Some years back we were a minor beneficiary of a similar meltdown, inheriting a batch of files from a firm whose partners didn't know how to share. I went with the client to retrieve the files in person, and the poor son of a bitch that had stayed on deck to manage the wind-down was a lawyer with whom I'd had some dealings in the past. He had been one of the decent ones in a office that was well-known for its hard-nosed swagger, and he was miserable, surrounded by banker's boxes and broken office furniture. Everyone else had left the plantation, and he was stuck, being paid out of the bankruptcy estate, doomed to be the last one out of the gate in his search for a place to land. I'd never particularly liked him, and I actively hated the firm, but seeing the guy like this gave me no pleasure. Really all it did was remind me that our glamor profession is a very delicate ecosystem.
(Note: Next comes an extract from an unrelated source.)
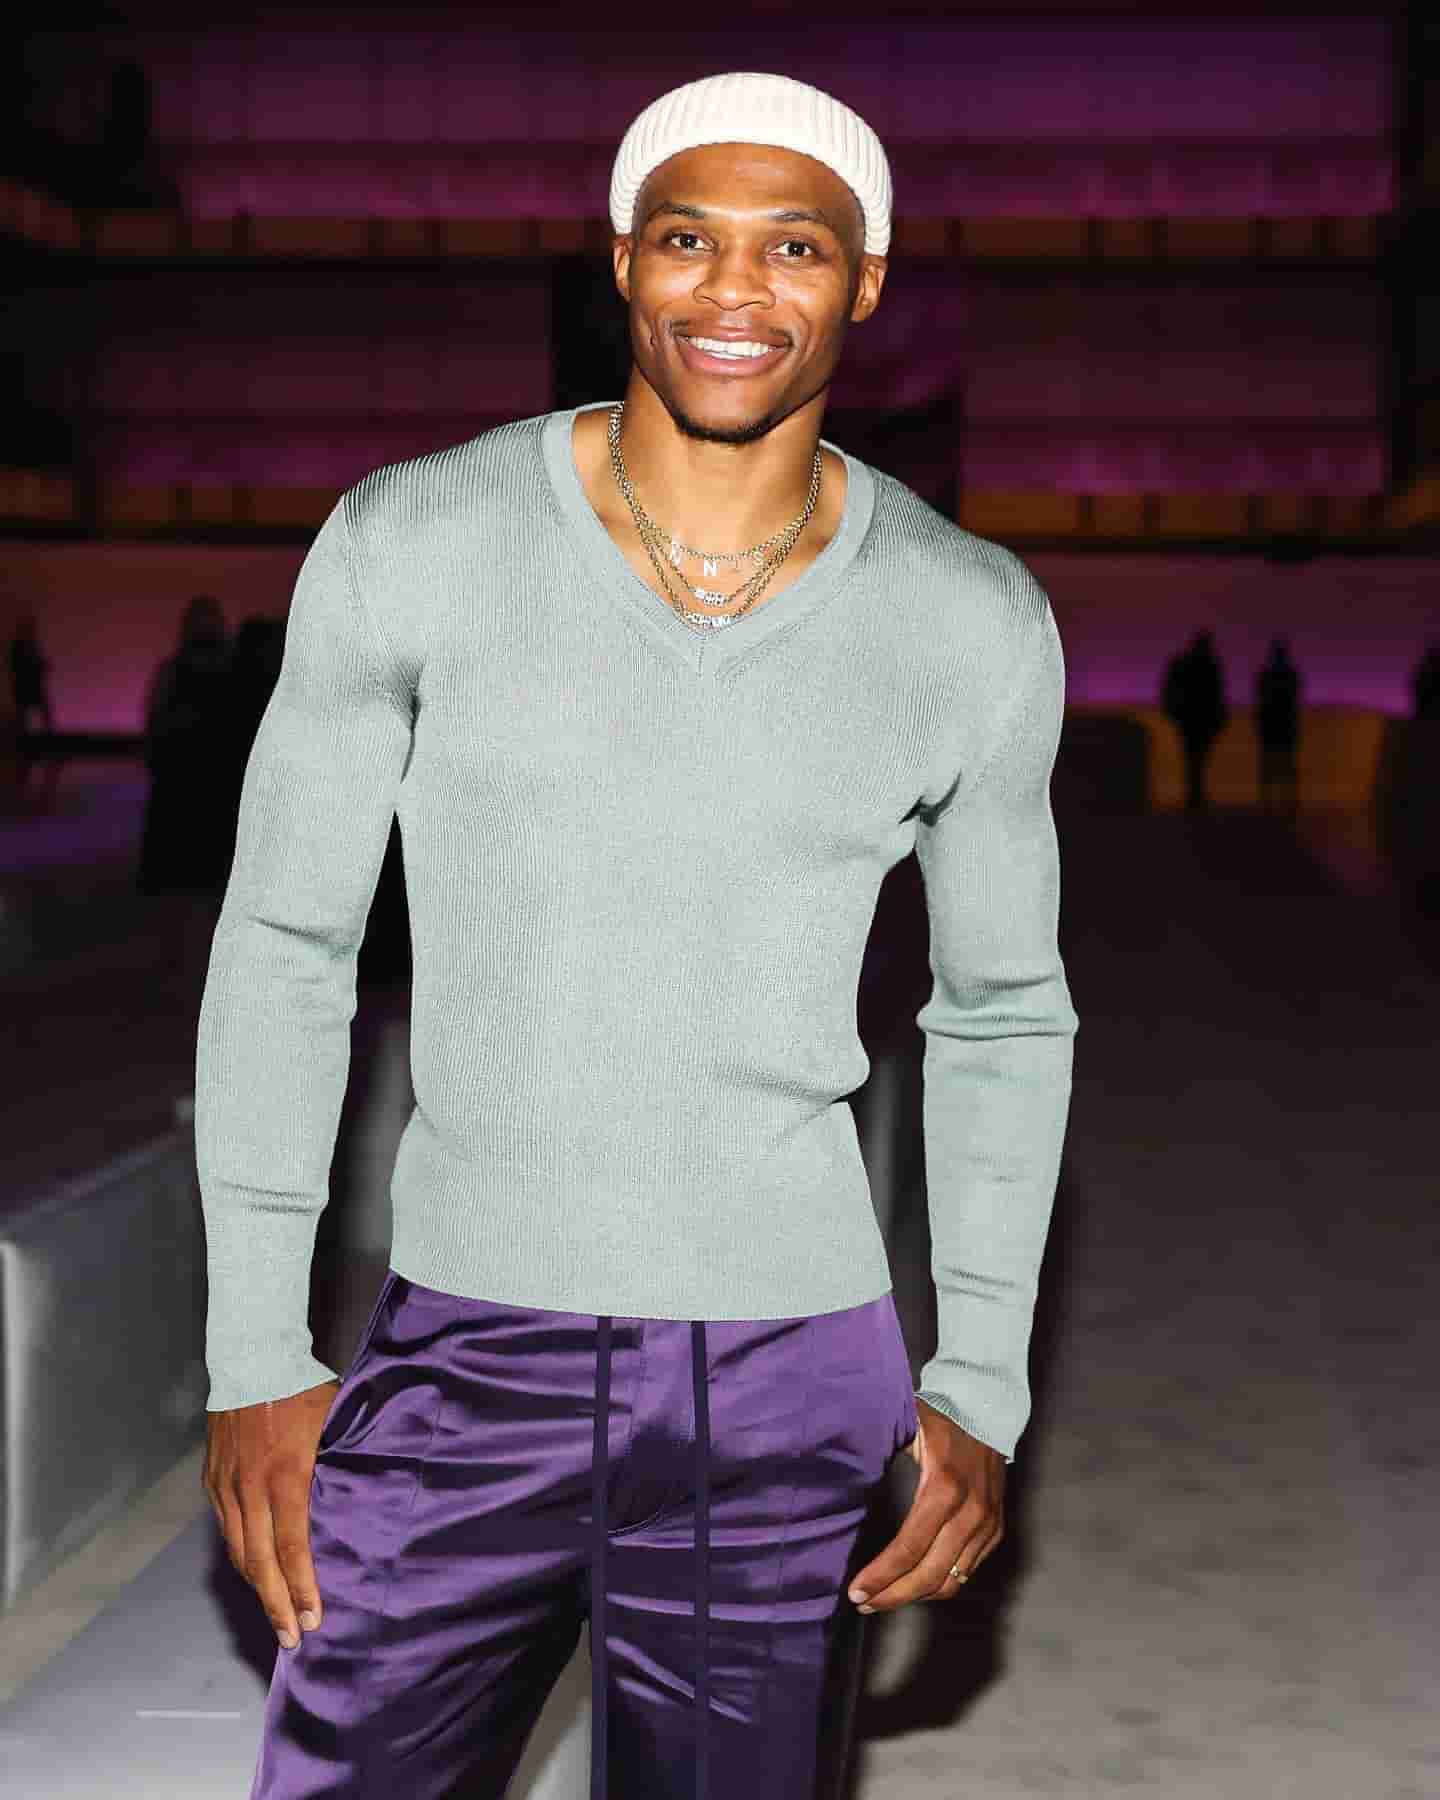 Russell Westbrook early life, Russell Westbrook career, Russell Westbrook social media, Russell Westbrook personal life, Russell Westbrook biography, Russell Westbrook, Russell Westbrook net worth 2023, Russell Westbrook net worth

Every day your chief assets put on their hats and go home, and if they go into work the next morning at a different place, well, that's what happens. If enough of them do that then the secretaries and the mailroom guys, and the overnight staff and the paralegals -- and the associates-- are all out of work. The outfit that takes care of the plants, the cleaning contractor, and the coffee service company lose a valuable account.